My name is Leontius Adhika Pradhana, a second-year pharmacy student from National University of Singapore but was living in Indonesia before university life. Despite the somewhat unrelated major, I have been programming since grade 9 of formal school and won several national programming competitions; one of my project (a web application to manage a programming contest) competed in Asia-Pacific level. These competitions and projects were mostly done in Pascal, C, C++, Java, or PHP.

In the university I joined some informatics-related activities and received exposure to C# / ASP.NET, more PHP, working with and leading large teams.

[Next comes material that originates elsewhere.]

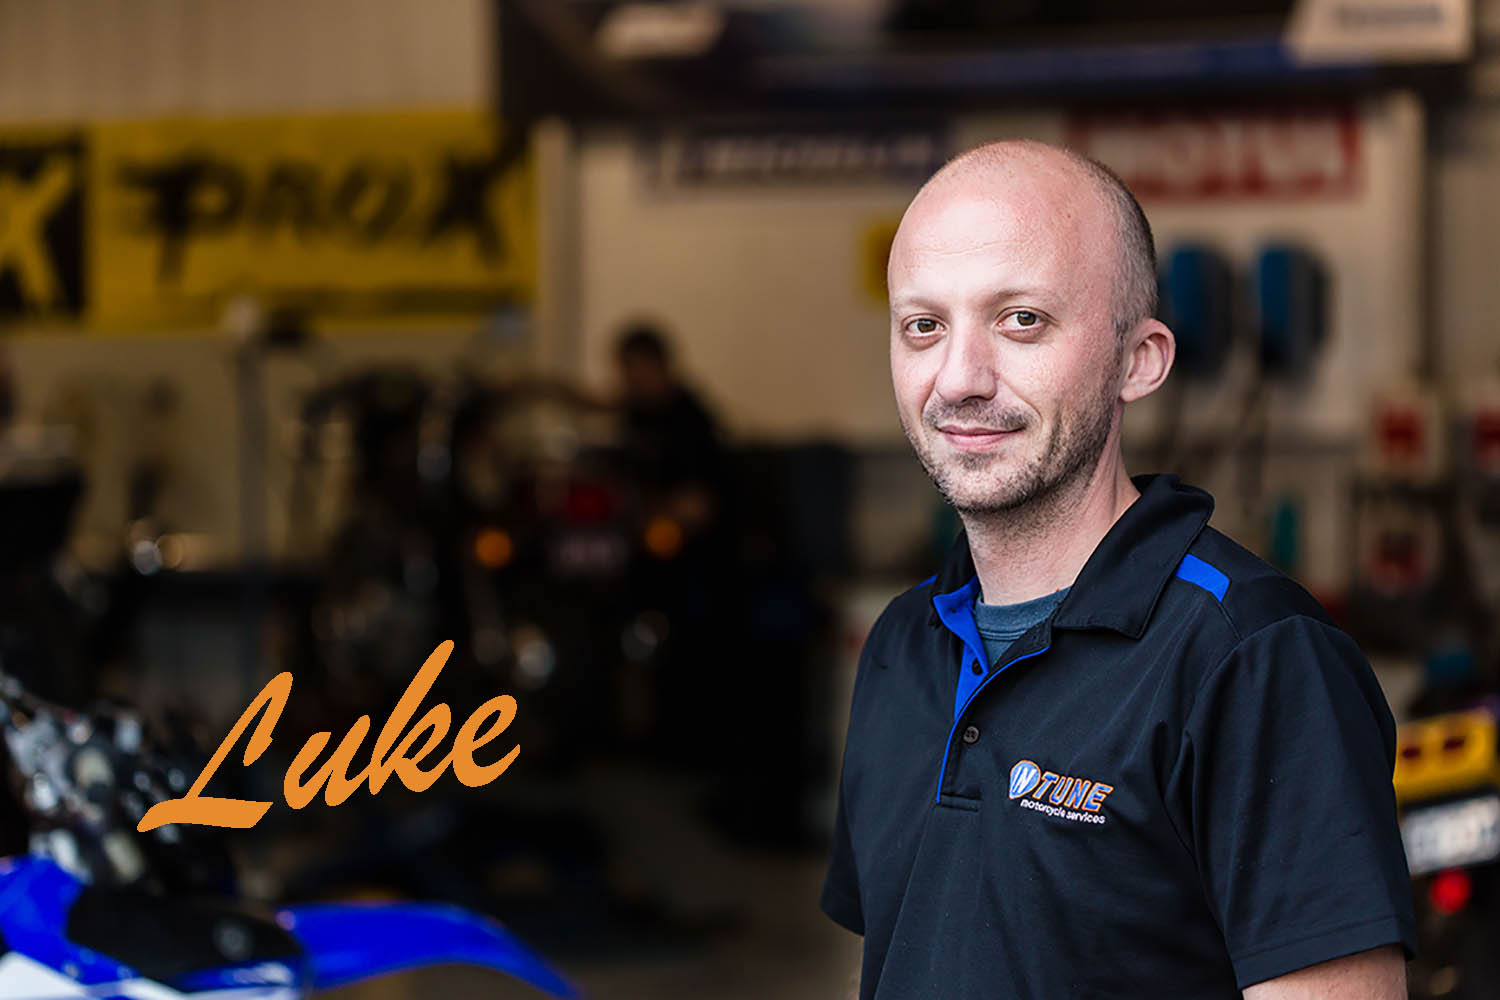 intune-motorcycle-repairs-luke-copy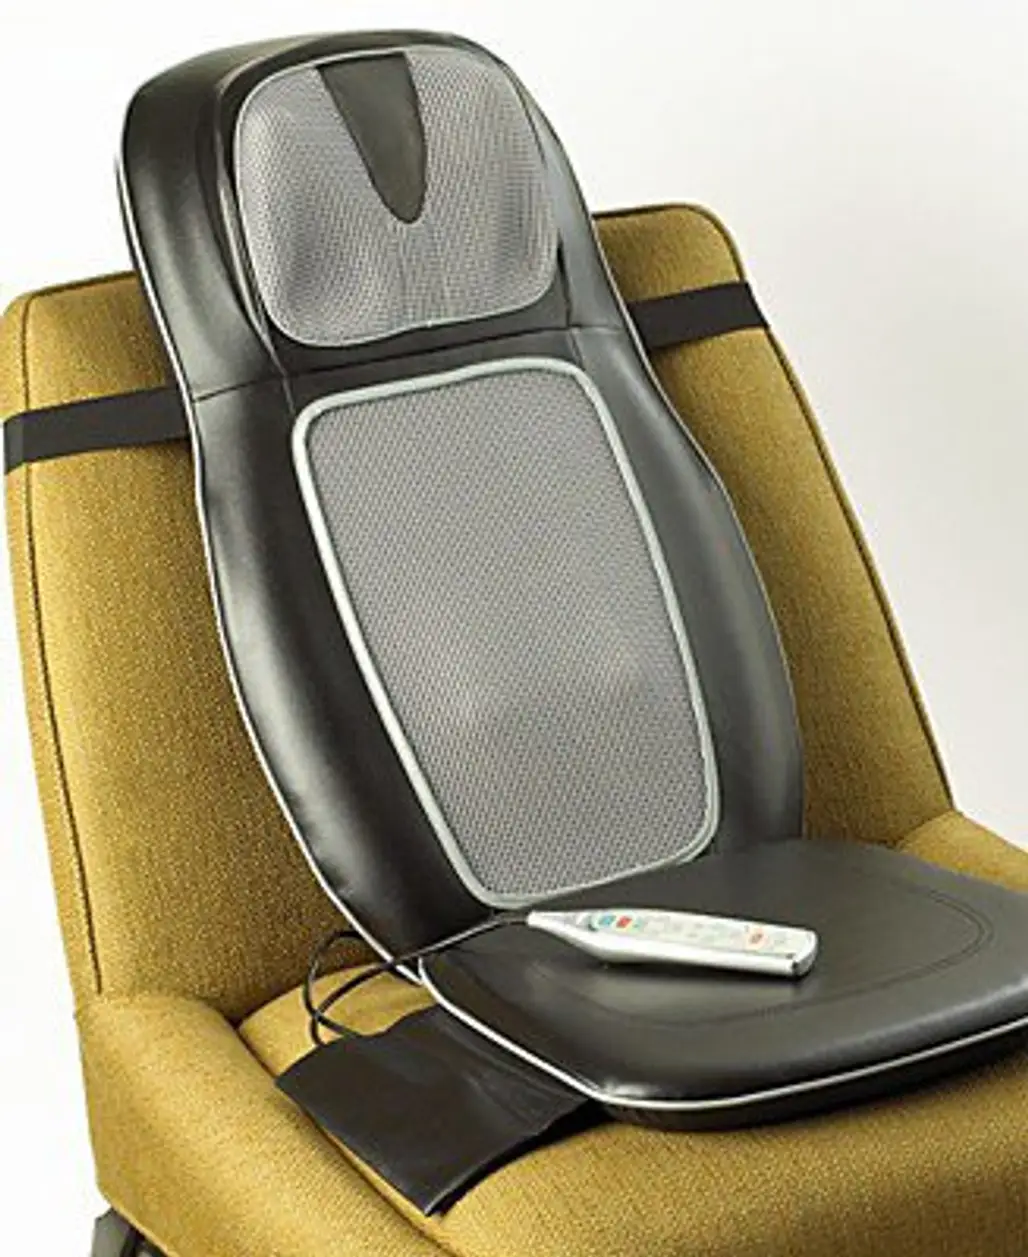 HoMedics Therapist Select Shiatsu One Massaging Cushion

Python is my current favourite language and I have used it for a whole host of one-time-use scripts such as tabular data / CSV processing, backup scripts, and pulling data from the internet (BeautifulSoup rocks!). I have also dabbled around with Pylons although I have not done any substantial work on it. I am using Sphinx for an internal project (an intranet). I am also adept in general web development (HTML, CSS, Javascript, SQL), as a lot of my projects depend on those skills.

So far my experience with open source is largely with Drupal. There I discussed issues and submitted patches. I also authored two Drupal modules: Pingback and IP2Nation API.

A semi-exhaustive CV (not the ones that you send to companies) can be viewed at http://tr.im/cvleon.

Contact

Blog:http://leapon.net/
Email:leon@leapon.net
IRC:leonth in irc://irc.freenode.net:6667
Google Talk:leontius@gmail.com
Phone:+6584256806 (Singapore, UTC+8)
[1]Mercurial and SciPy are examples of such projects.
[2]CPython and openoffice.org are examples of such projects.
[3]This was me in some point of time :)
[4]This way, end users do not even need to touch ANTLR. I would imagine another repository maintaining generated parsers for commonly used languages so that people wishing support for those languages would only need to install the pure Python extension.
[5]The need to write domains will be replaced by the need to write the "language support" extension, but this will enable autodoc support out-of-the-box.